会長 深田一弥の異見!

2015年11月24日

イスラム教指導者は何故黙っているのか?

 ISISと言ったり、イスラム国と言ったりしているが、イラクやシリアで急速に力をつけてかつ暴虐な活動をしているイスラム教原理主義と言われる集団が世界を恐怖に陥れている。最近ではエジプトからモスクワに向けて飛び立ったロシアの旅客機が空中で爆破され、乗員百数十人が死亡したし、パリ市内では同時多発テロが発生し200人近くの人が殺傷された。日本人でもジャーナリスト2人が殺され、また最近バングラデシュで、地元で慕われていた日本人が殺害され、ISISが犯行声明を出した。

 かつてはアルカイーダと言われる組織が世界の各地でテロを行っていて恐怖をあおっていたが、ISISは元々アルカイーダの傘下であったのがそれに飽き足らずに離反してさらに残虐性を増した。最近は、アサド政権と反体制派の覇権争いに乗じてシリア国内で勢力を拡大している。その騒乱から逃れようと数百万人に及ぶ避難民が主にヨーロッパ諸国に乱入しているのが大きな問題となっている。ISISに対して今まではアメリカのみが散発的に空爆をしていたが、最近はロシアとフランスも空爆に参加した。空爆をしている国々にもそれぞれの思惑があり、どうも一致団結して事に当たるというようにはなっていない。

 ISISは、国際的には認められていないもののアラビア半島にイスラム教原理主義の国を作ろうとしている。世界に16億人居ると言われているイスラム教徒の中にはその活動に賛同する者は結構な数に昇るのであろう。しかし、例えそういう国が出来たとて原理主義と言う極めて戒律が厳しく不自由で息の詰まりそうな国に住もうと言う者がこの文明の世の中にはそれほど多いとは思われないのだが。
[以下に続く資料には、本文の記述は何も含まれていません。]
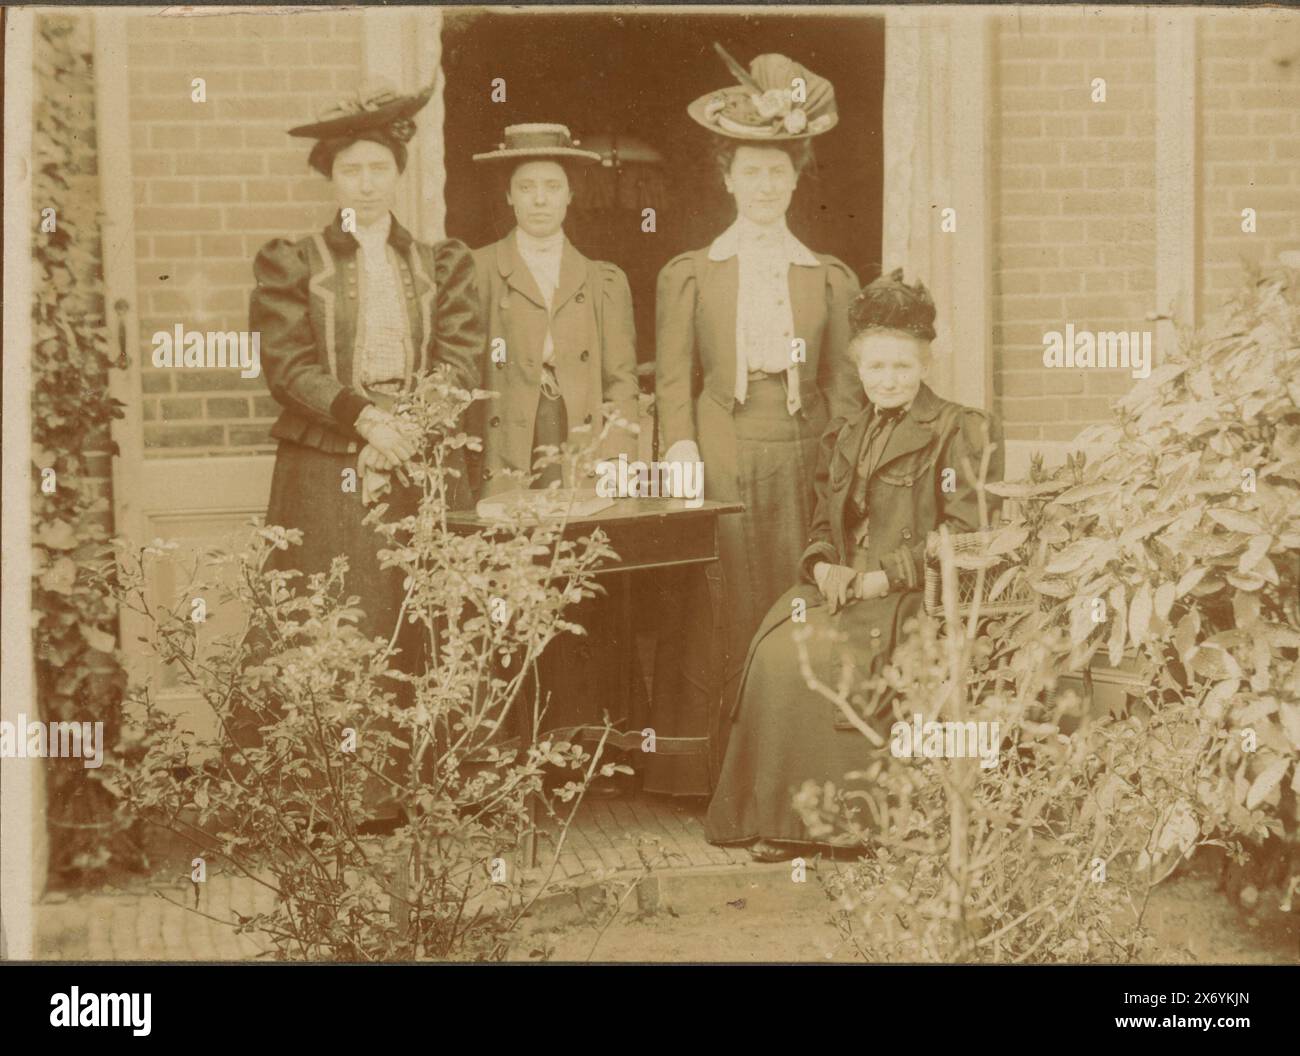 Ritratto di gruppo di quattro donne sconosciute in un giardino, fotografia, anonimo, Paesi Bassi, c. 1895 - c. 1905, carta baryta, altezza, 147 mm x larghezza, 178 mm Foto Stock

 但し、世界各国からISISに参加する若者の殆どが純粋な宗教上の目的より地元で主に経済上の理由で自己の存在が報われていないことの不満から一か八かの世界で鬱憤を晴らそうとしているのではないか。特にヨーロッパ諸国ではかつての植民地のアフリカや支配地区だったアラビア半島から来た者達が宗教上と言うよりはむしろ人種的な違いで社会の底辺層で我慢せざるを得ない状況が大きい。そう言う層が大抵の場合がイスラム教徒であるためではないか。

 ところでイスラム教は世界三大宗教と言われるからには、かなりの数の宗教指導者が居ると思うが、そのトップに居る人達はかのISISの行動をどのように感じどのような意見を持っているのか見えてこない。彼らが黙っていると言うのは残虐なISISの行動を容認していることにならないか。とは言え、数は少ないが私の知るイスラム教徒達はISISの行動を明確に批判している。是非、イスラム教指導者の誰か1人でも命の危険はあるかも知れないがISISを公式に批判すべきであろう。

 それとこれは欧米の主にキリスト教徒が支配的な国々では人種や宗教の違いで彼らを差別せずに、優秀な者はドンドン引き上げるべきである。それはかつての宗主国や支配国としての責任でもある。経済的な余裕を持てばISISに身を投じる者は確実に少なくなる。その上でISISの行動は必ずしもイスラム教の教えに沿っているのではないことを宗教指導者が声を大にして訴えるべきだ。

 身内が殺されて冷静にと言うのは無理かも知れないが、憎しみの報復合戦だけではいつまでも終わりなき戦いになってしまう。